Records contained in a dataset
*****

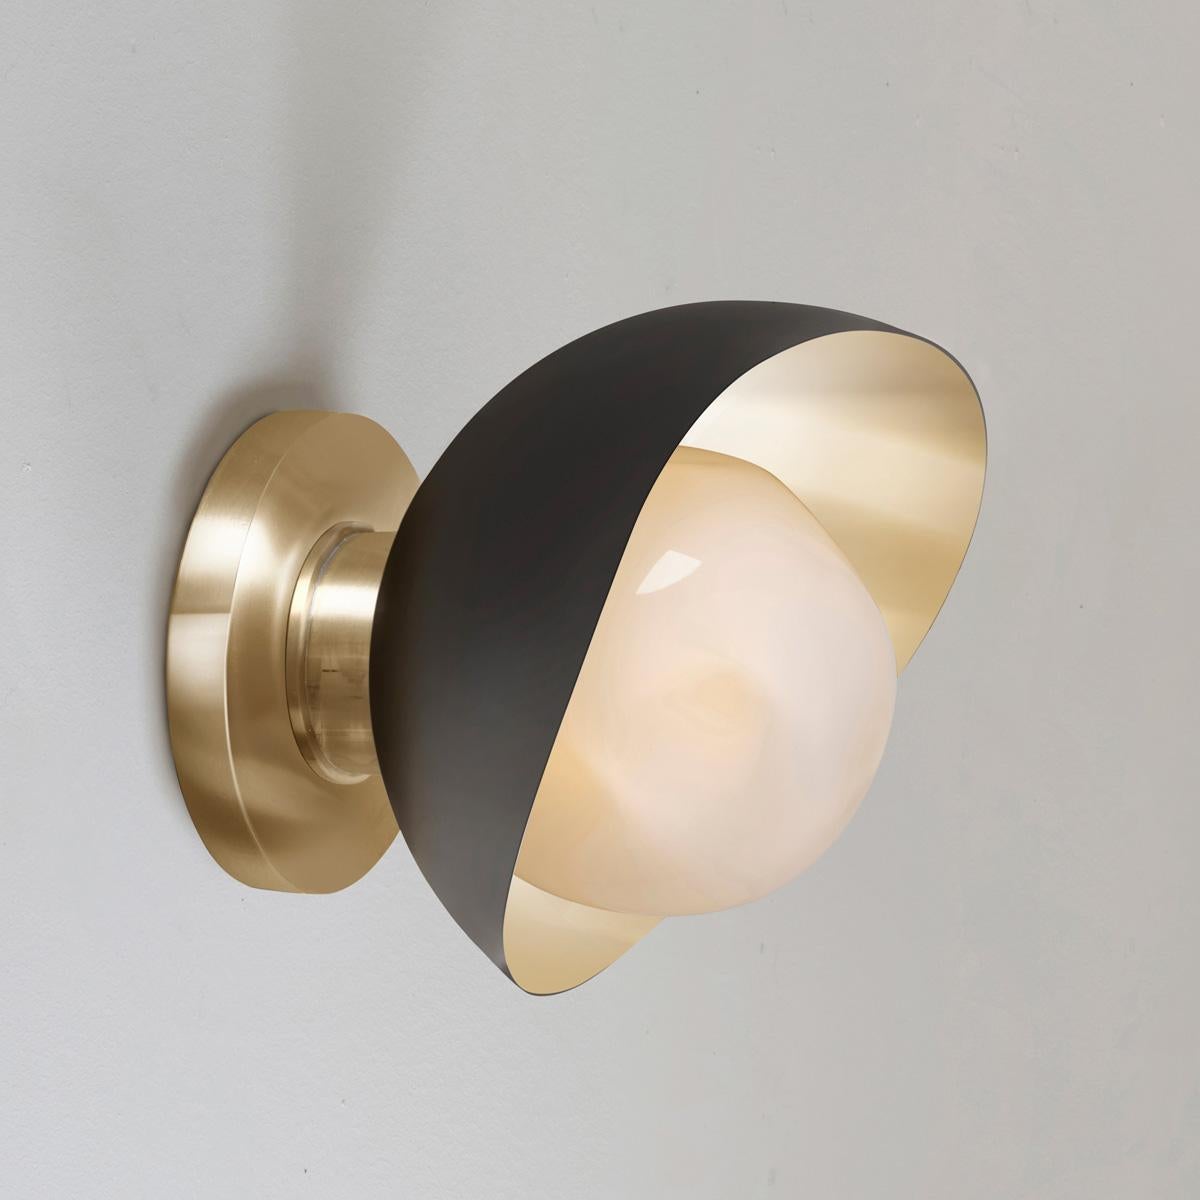 The Perla Mini wall light is the smallest member of the Perla collection featuring an organic brass shell nestling our Sfera glass handblown in Murano. See the Perla and Perla Grande for larger models.

The primary images shows it in black and
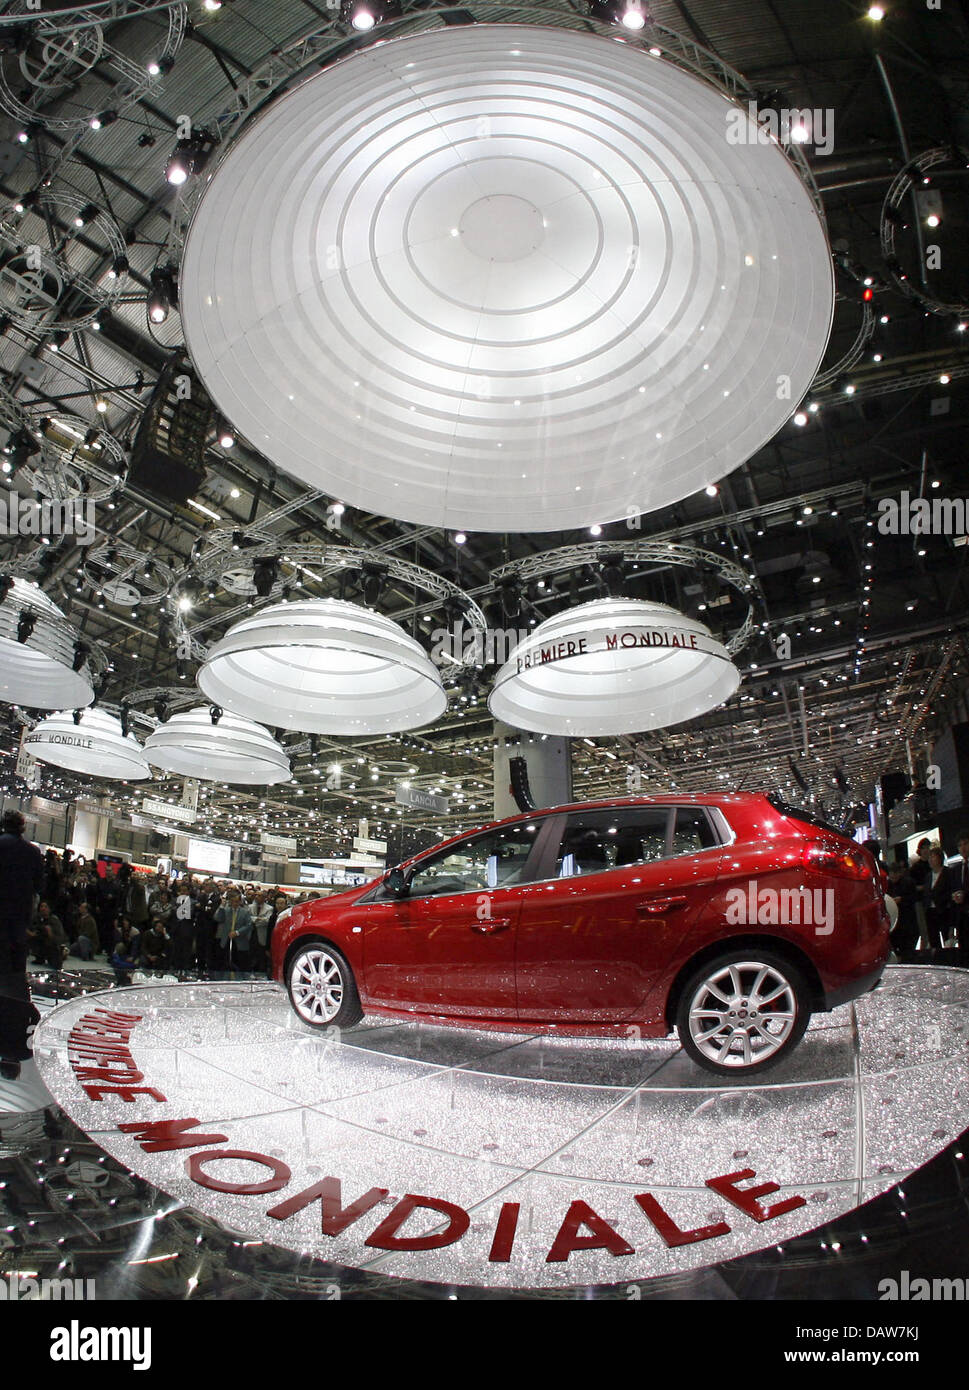 The new Fiat Bravo is presented at the Geneva Motor Show in Geneva, Switzerland, Tuesday, 06 March 2007. The trade show running from 8 to 18 March presents the latest developments of the automobile industry. Photo: Uli Deck Stock Photo
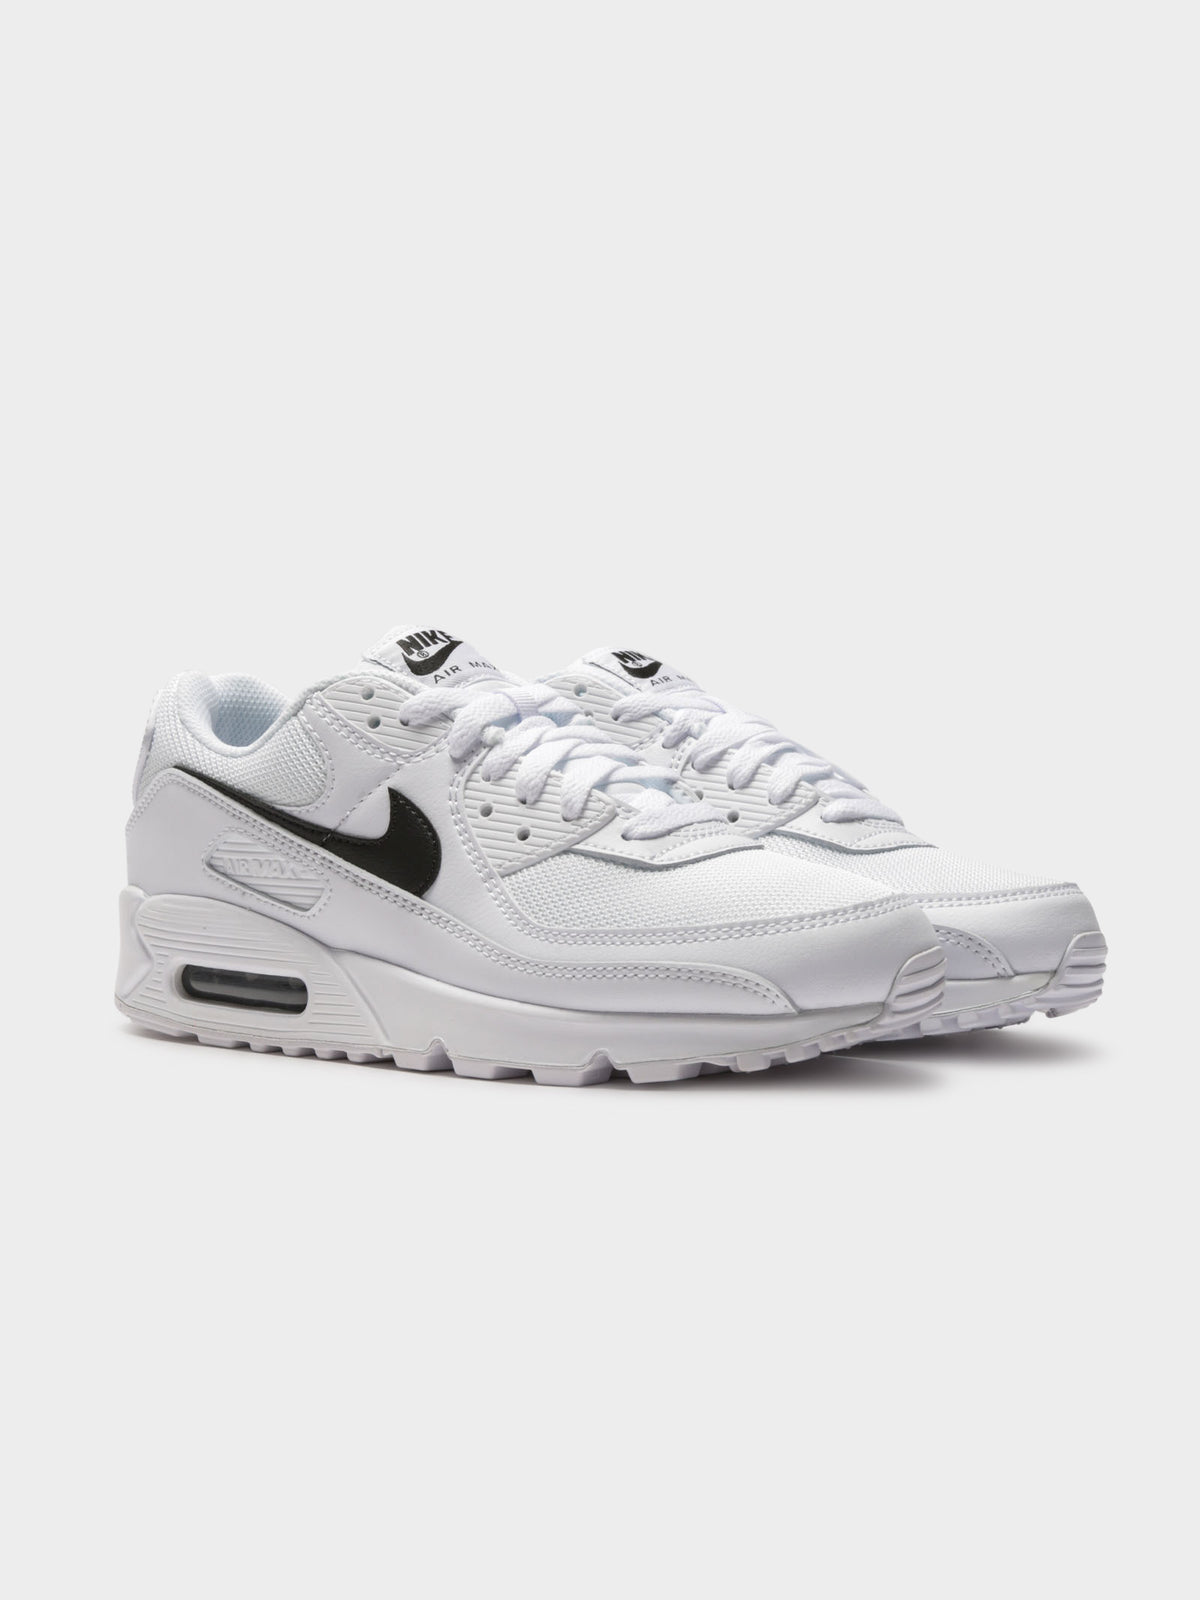 Womens Air Max 90 Sneakers in White &amp; Black
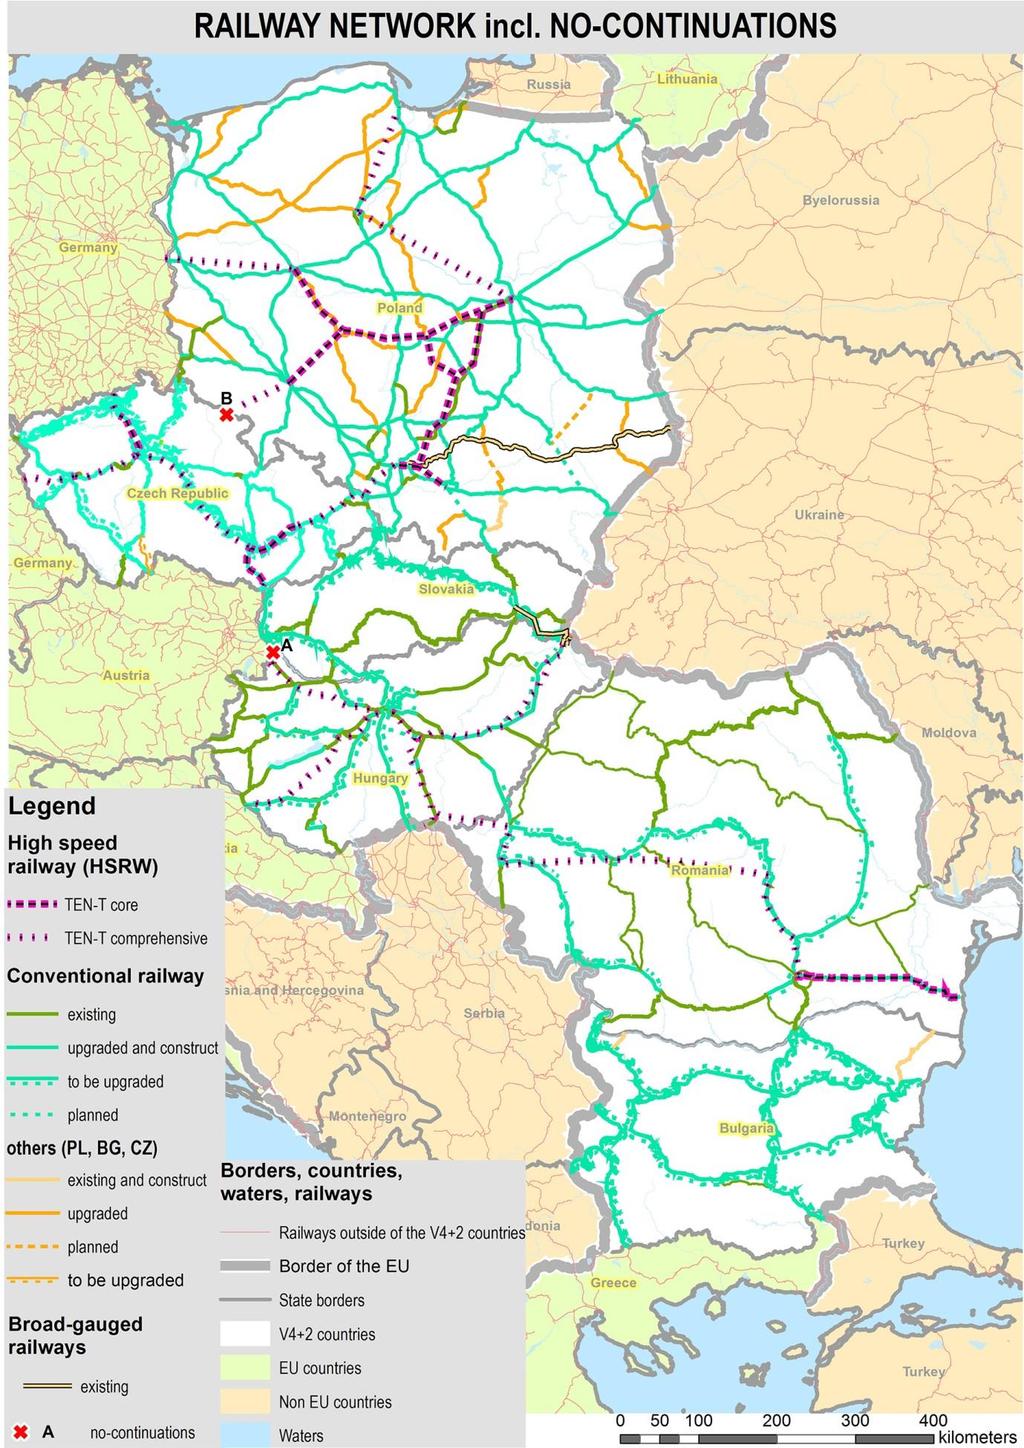 Figure 2: Delineation of railway networks on the territory of

*****

Task description
Repeat the records above exactly. No pictures go into the repeat.

Completed task
 The Perla Mini wall light is the smallest member of the Perla collection featuring an organic brass shell nestling our Sfera glass handblown in Murano. See the Perla and Perla Grande for larger models.

The primary images shows it in black and
 The new Fiat Bravo is presented at the Geneva Motor Show in Geneva, Switzerland, Tuesday, 06 March 2007. The trade show running from 8 to 18 March presents the latest developments of the automobile industry. Photo: Uli Deck Stock Photo
 Womens Air Max 90 Sneakers in White &amp; Black
 Figure 2: Delineation of railway networks on the territory of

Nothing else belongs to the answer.